In Suzuki ha lavorato con molti piloti giovani. Intende portare questa filosofia anche nel progetto Alpine?
“Non so ancora rispondere con precisione a questa domanda, posso solo dire che non sarebbe male, ovviamente. Abbiamo un ottimo programma Academy con alcuni giovani piloti interessanti, ma dobbiamo anche considerare che Esteban è a sua volta un giovane pilota. Nella mia esperienza precedente ho apprezzato molto il lavoro con ragazzi giovani, sono sempre molto motivati e focalizzati sull’obiettivo. Ma deve essere sempre un buon mix tra esperienza e talento, e dipende anche dalla situazione in cui ci si trova".

"In MotoGP puntare sui piloti giovani ha funzionato anche perché il momento storico è stato favorevole, ovvero a cavallo di un cambio generazionale. Dovevamo creare la nuova generazione di motociclisti in quella fase, e ha funzionato. Oggi in Formula 1 c'è una nuova generazione in arrivo, ci sono già dei giovani decisamente interessanti, ma allo stesso tempo piloti come Fernando hanno un mix di esperienza e talento molto efficiente, e credo che sarà un confronto interessante".

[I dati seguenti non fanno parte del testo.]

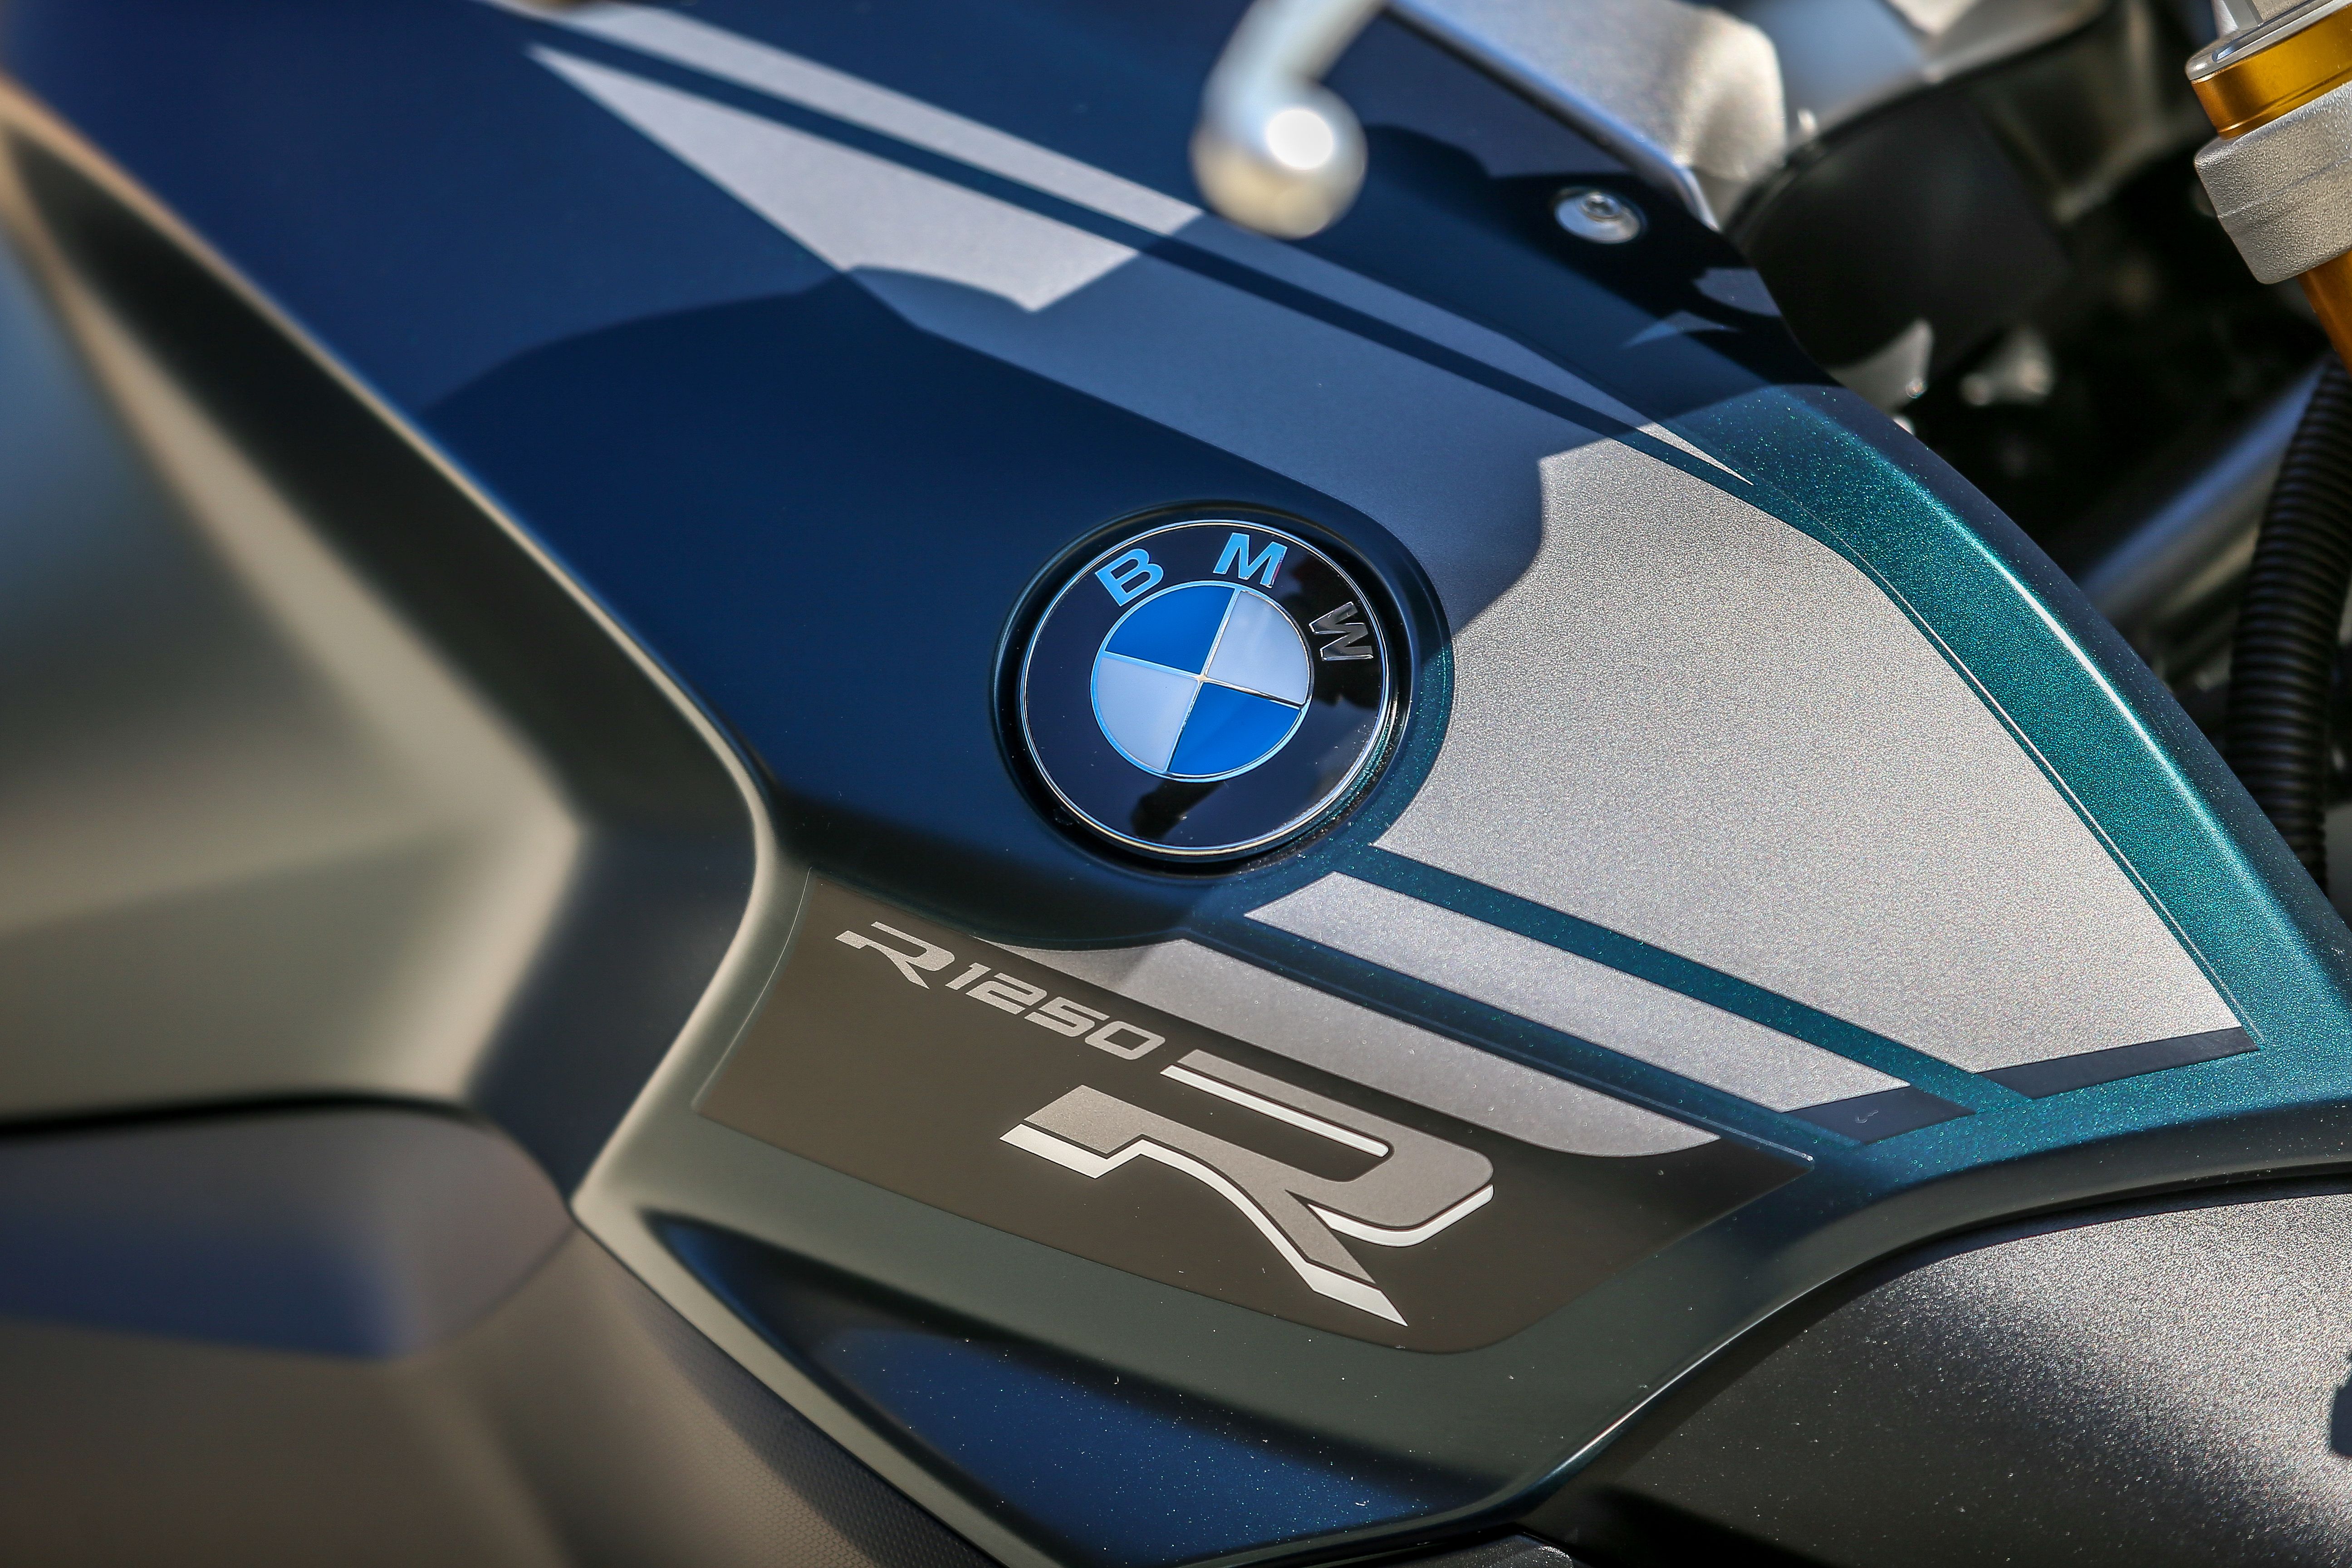 2019 - 2020 BMW R 1250 R / RS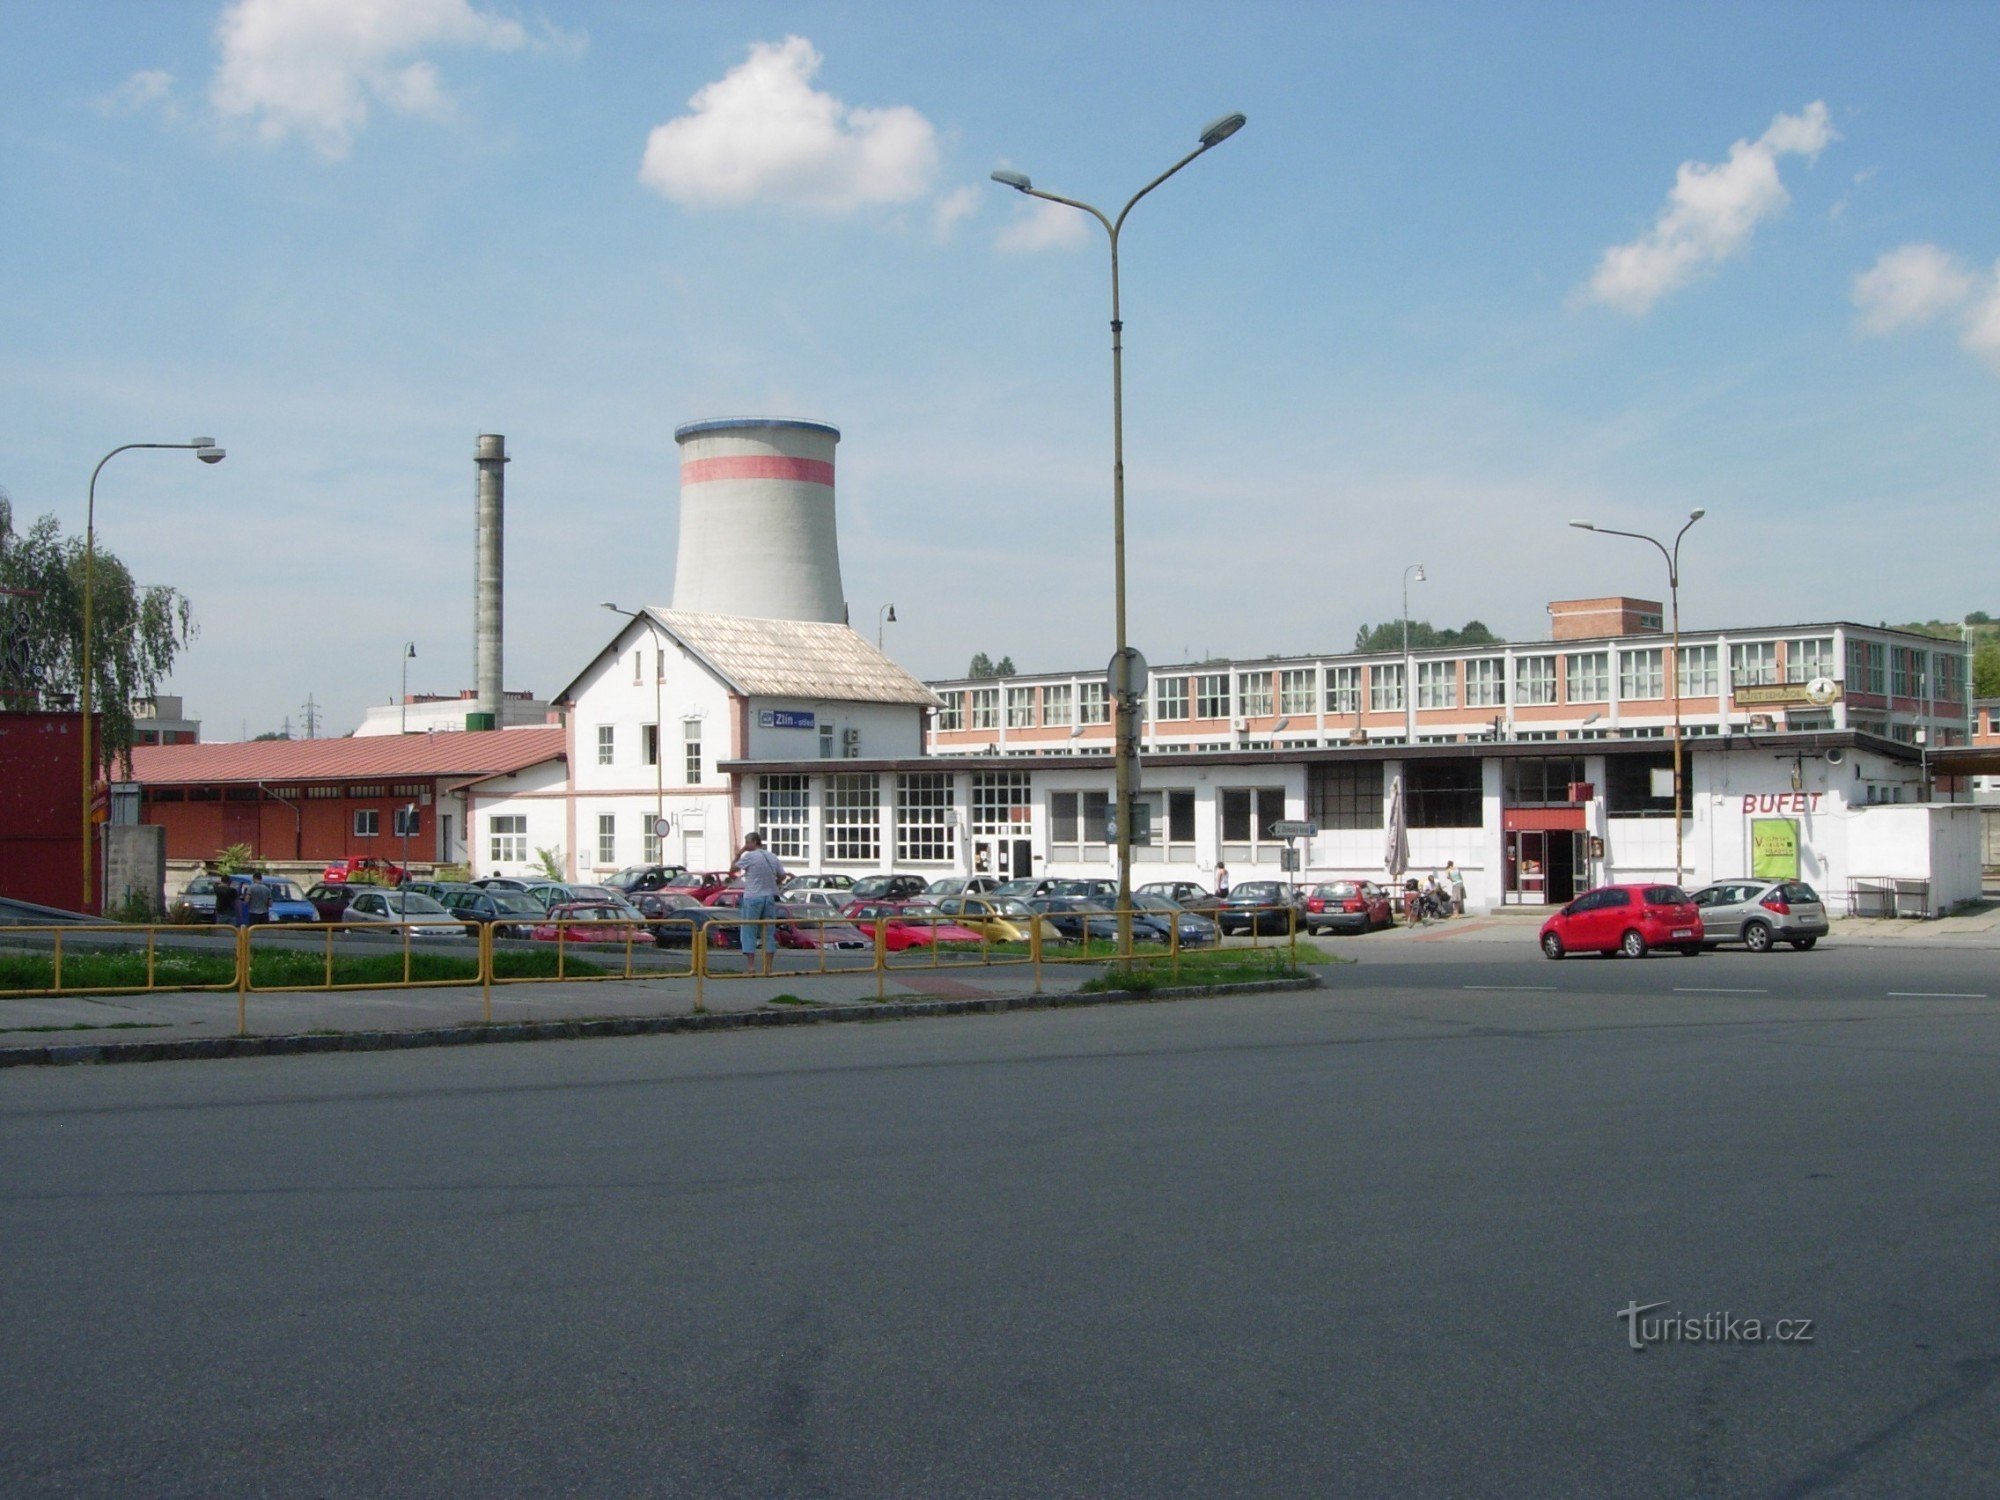 The "story" story building of ČD Zlín

"Non credo che la scelta dei giovani sia premiante a prescindere da tutto, dipende dalla situazione in cui ci si trova nel momento in cui vengono fatte le scelte. Come Alpine abbiamo un ottimo programma giovani, sarebbe bello poter avere con noi questi ragazzi in futuro, ma è necessario disporre anche dell’opportunità per farlo. Al momento non abbiamo un team partner per consentire ad un nostro giovane di esordire prima di essere incluso nella squadra principale, ma diciamo che lavoreremo per creare le condizioni giuste al fine di valorizzare i nostri talenti”.